* **Extracted data**:
● ● ●

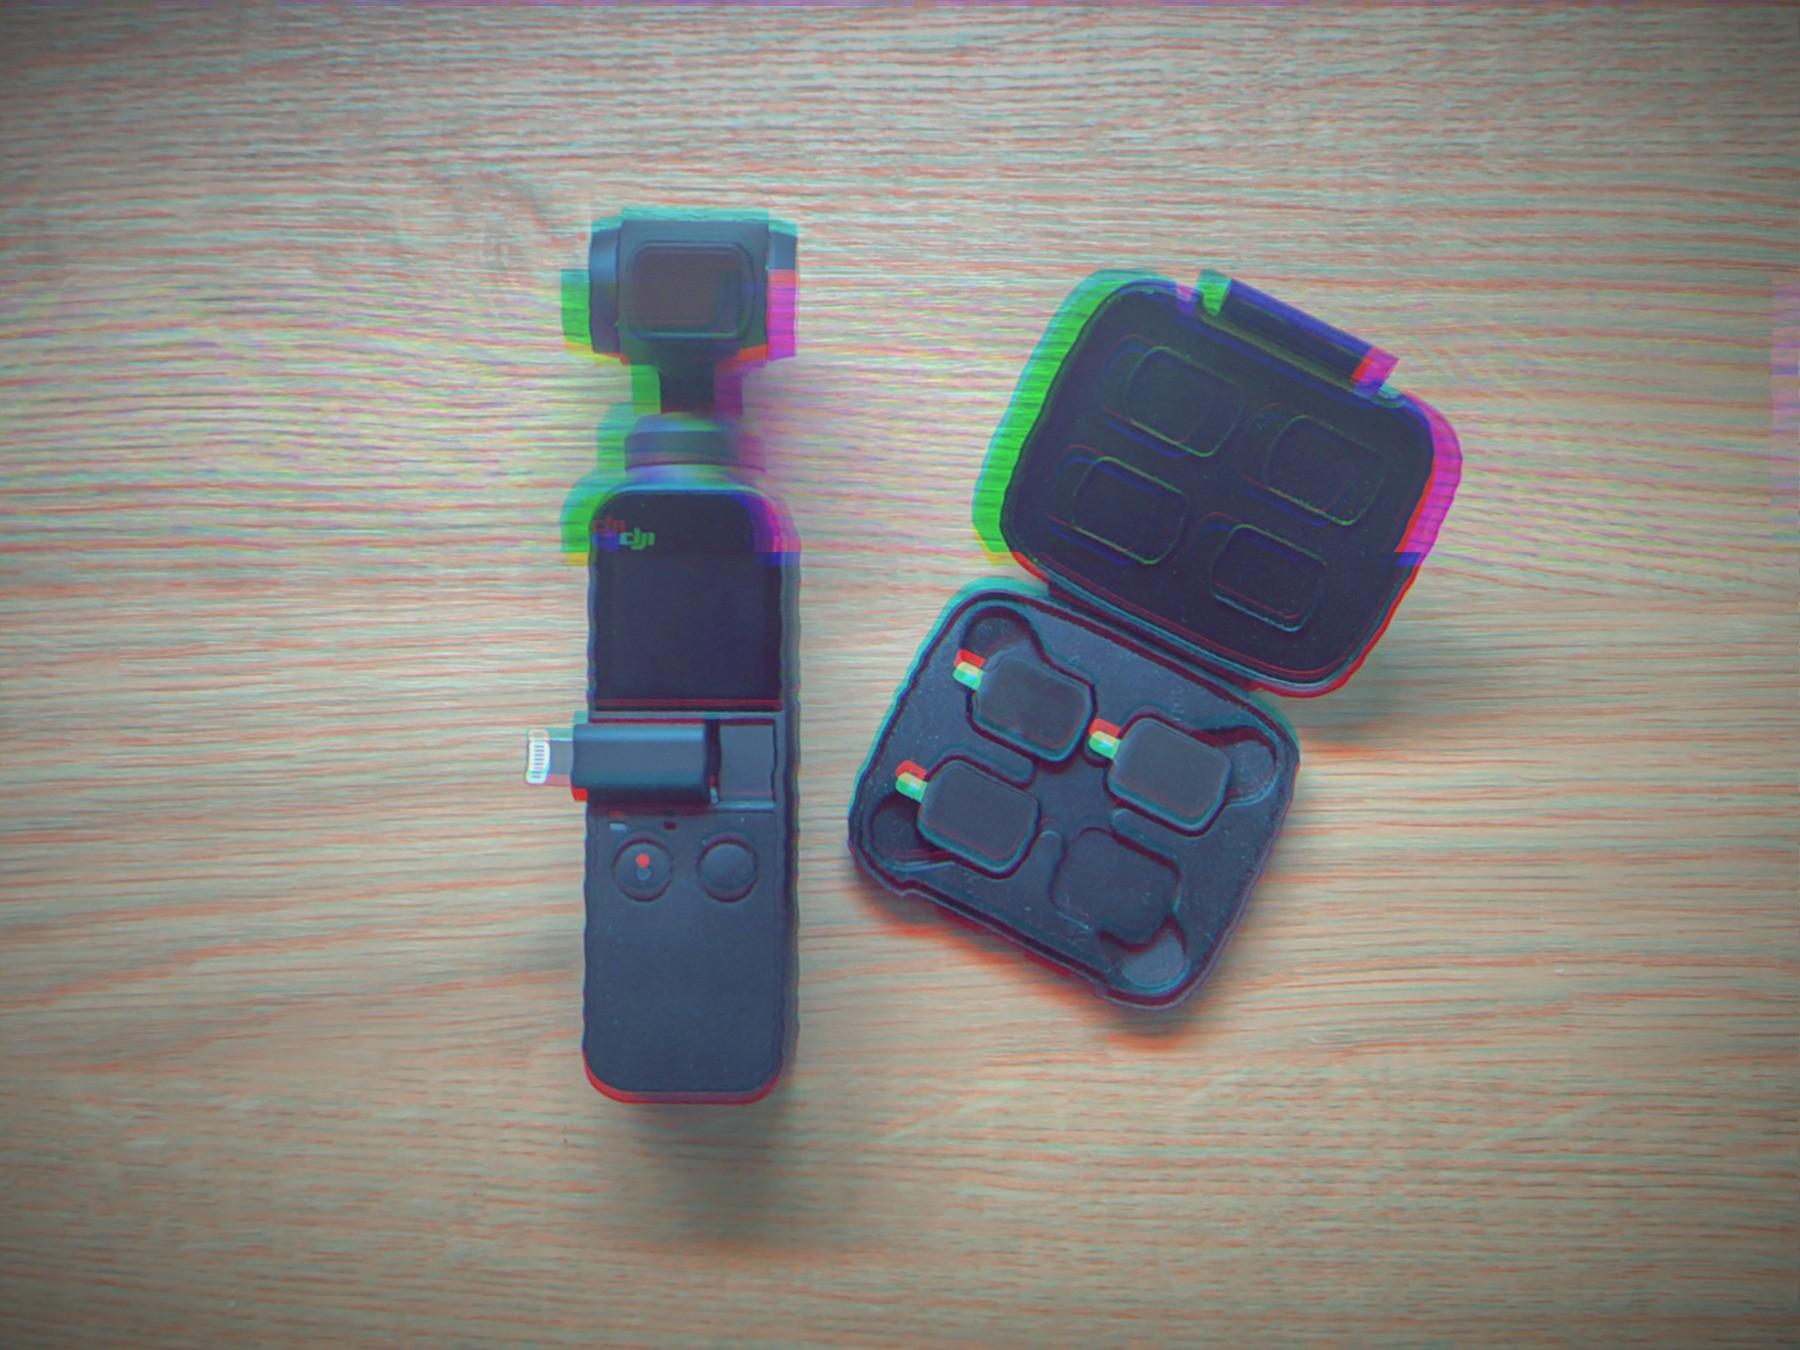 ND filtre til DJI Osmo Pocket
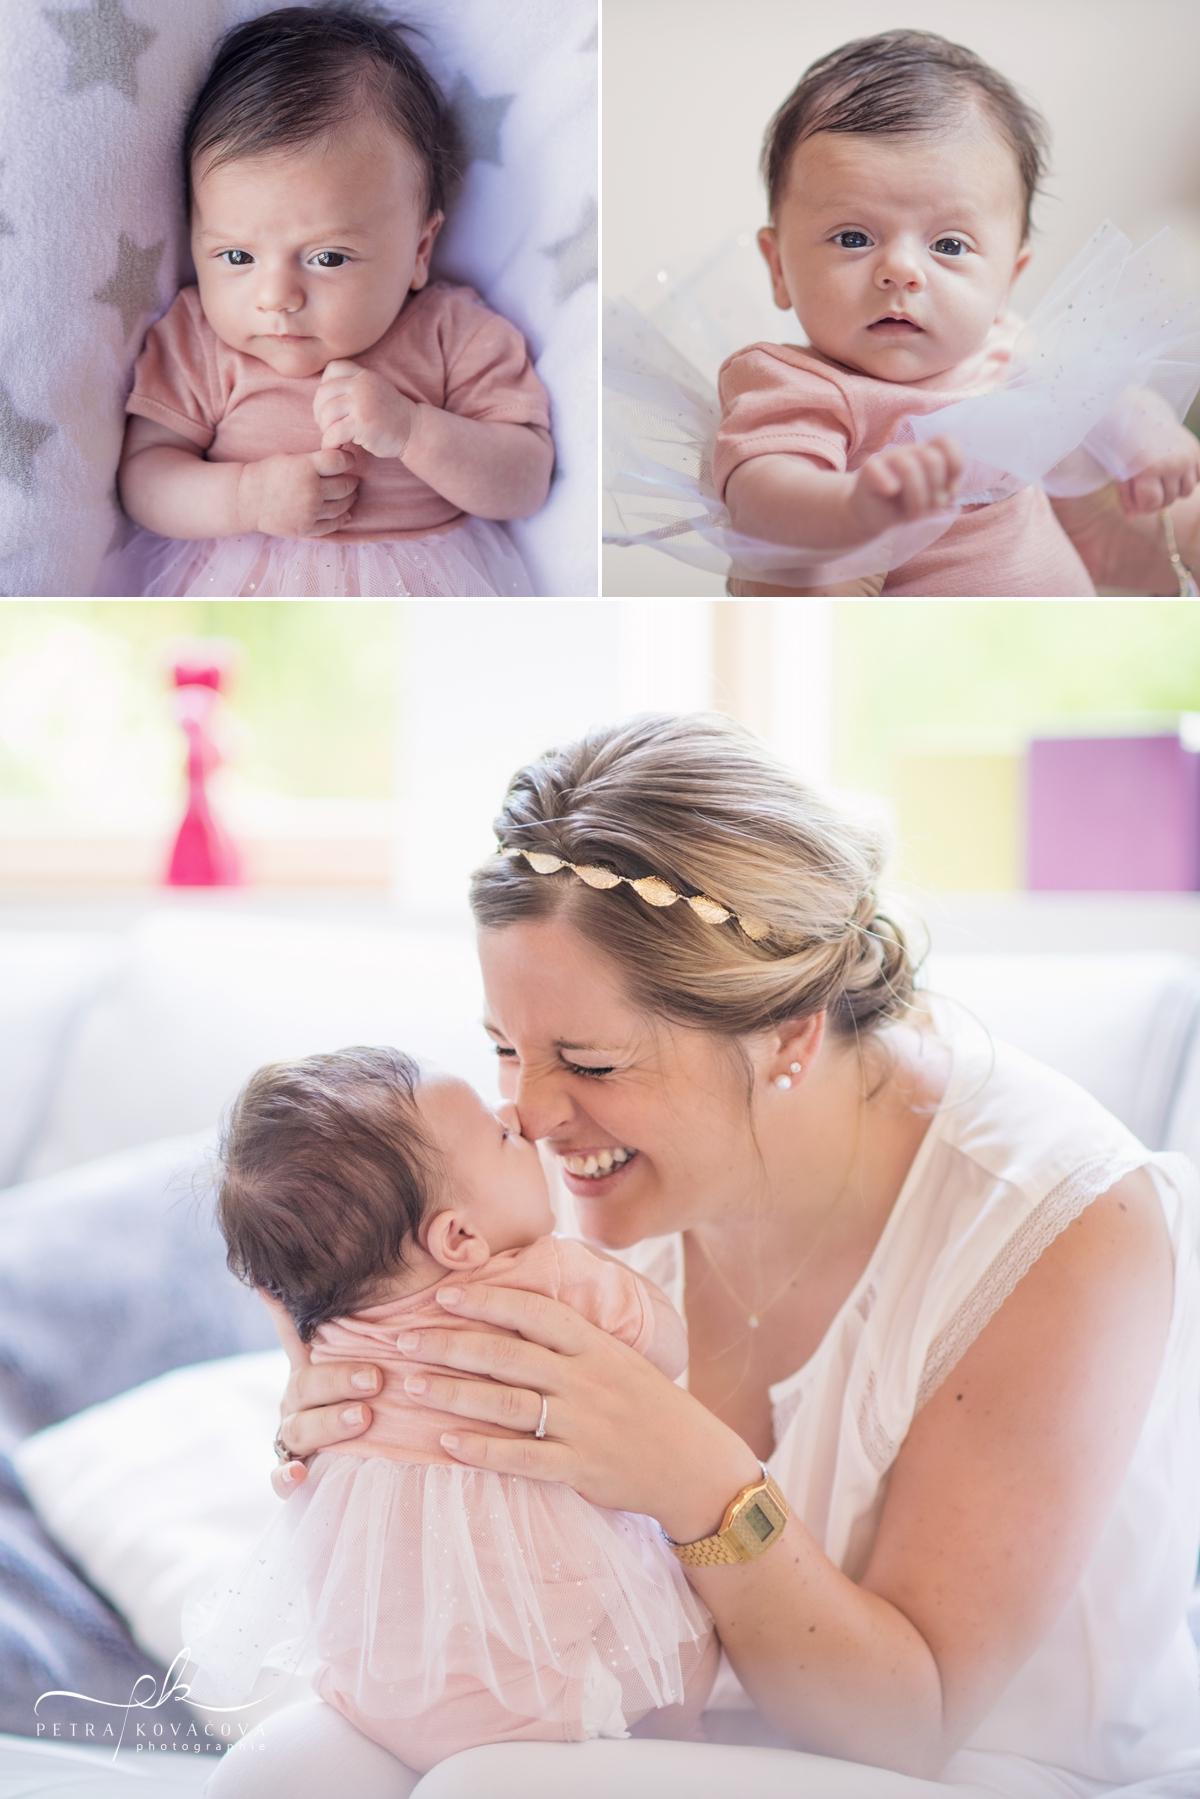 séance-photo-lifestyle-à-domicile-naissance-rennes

● ● ●

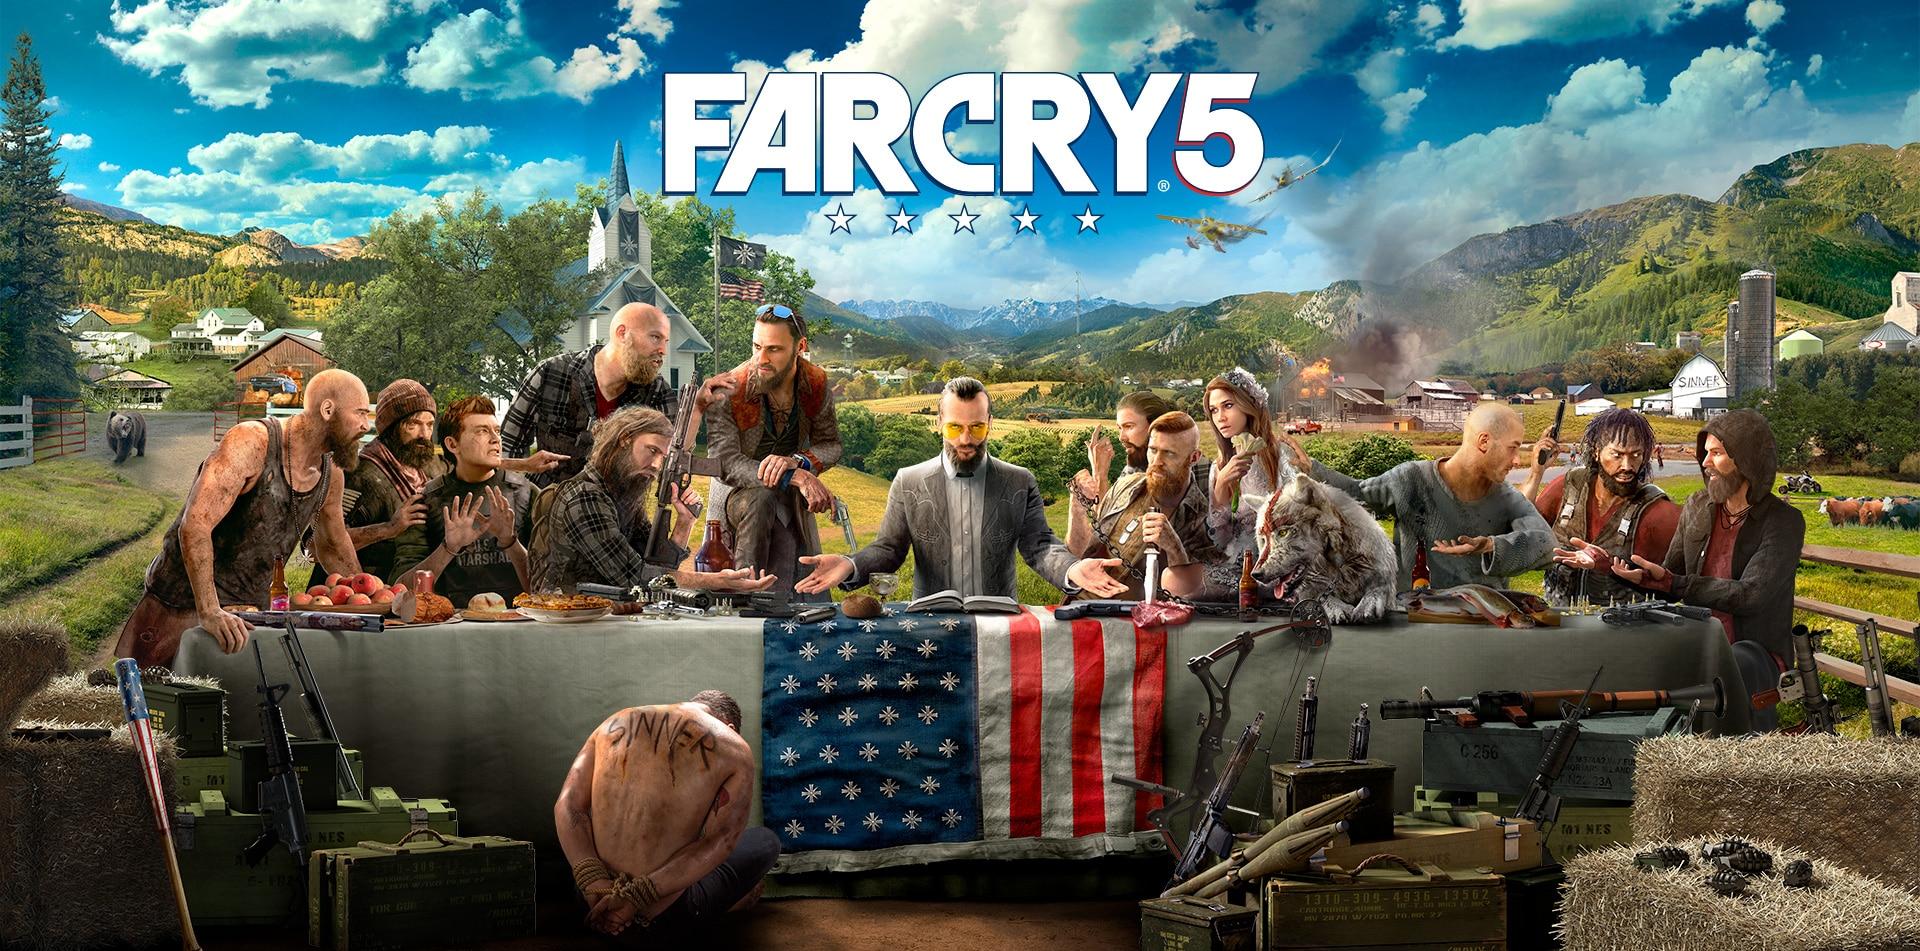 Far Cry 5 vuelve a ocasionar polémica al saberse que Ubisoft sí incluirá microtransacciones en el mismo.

● ● ●

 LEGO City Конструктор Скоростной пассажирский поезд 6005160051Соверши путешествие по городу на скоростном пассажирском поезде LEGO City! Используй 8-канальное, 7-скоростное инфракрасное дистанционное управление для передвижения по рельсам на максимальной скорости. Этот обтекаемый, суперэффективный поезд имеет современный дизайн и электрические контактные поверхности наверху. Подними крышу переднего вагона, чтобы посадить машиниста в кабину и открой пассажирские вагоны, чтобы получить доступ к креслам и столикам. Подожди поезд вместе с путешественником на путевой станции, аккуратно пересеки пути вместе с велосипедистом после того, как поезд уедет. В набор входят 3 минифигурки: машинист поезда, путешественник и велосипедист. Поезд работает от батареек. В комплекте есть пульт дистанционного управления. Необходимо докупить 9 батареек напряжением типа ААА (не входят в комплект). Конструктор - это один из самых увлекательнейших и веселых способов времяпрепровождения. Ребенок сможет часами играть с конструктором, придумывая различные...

● ● ●

* **Your instructions**:
Return only the stretch above from the line containing "ND filtre til DJI Osmo Pocket" through the line containing "séance-photo-l", word for word and without pictures.

* **Reply**:
 ND filtre til DJI Osmo Pocket
 séance-photo-lifestyle-à-domicile-naissance-rennes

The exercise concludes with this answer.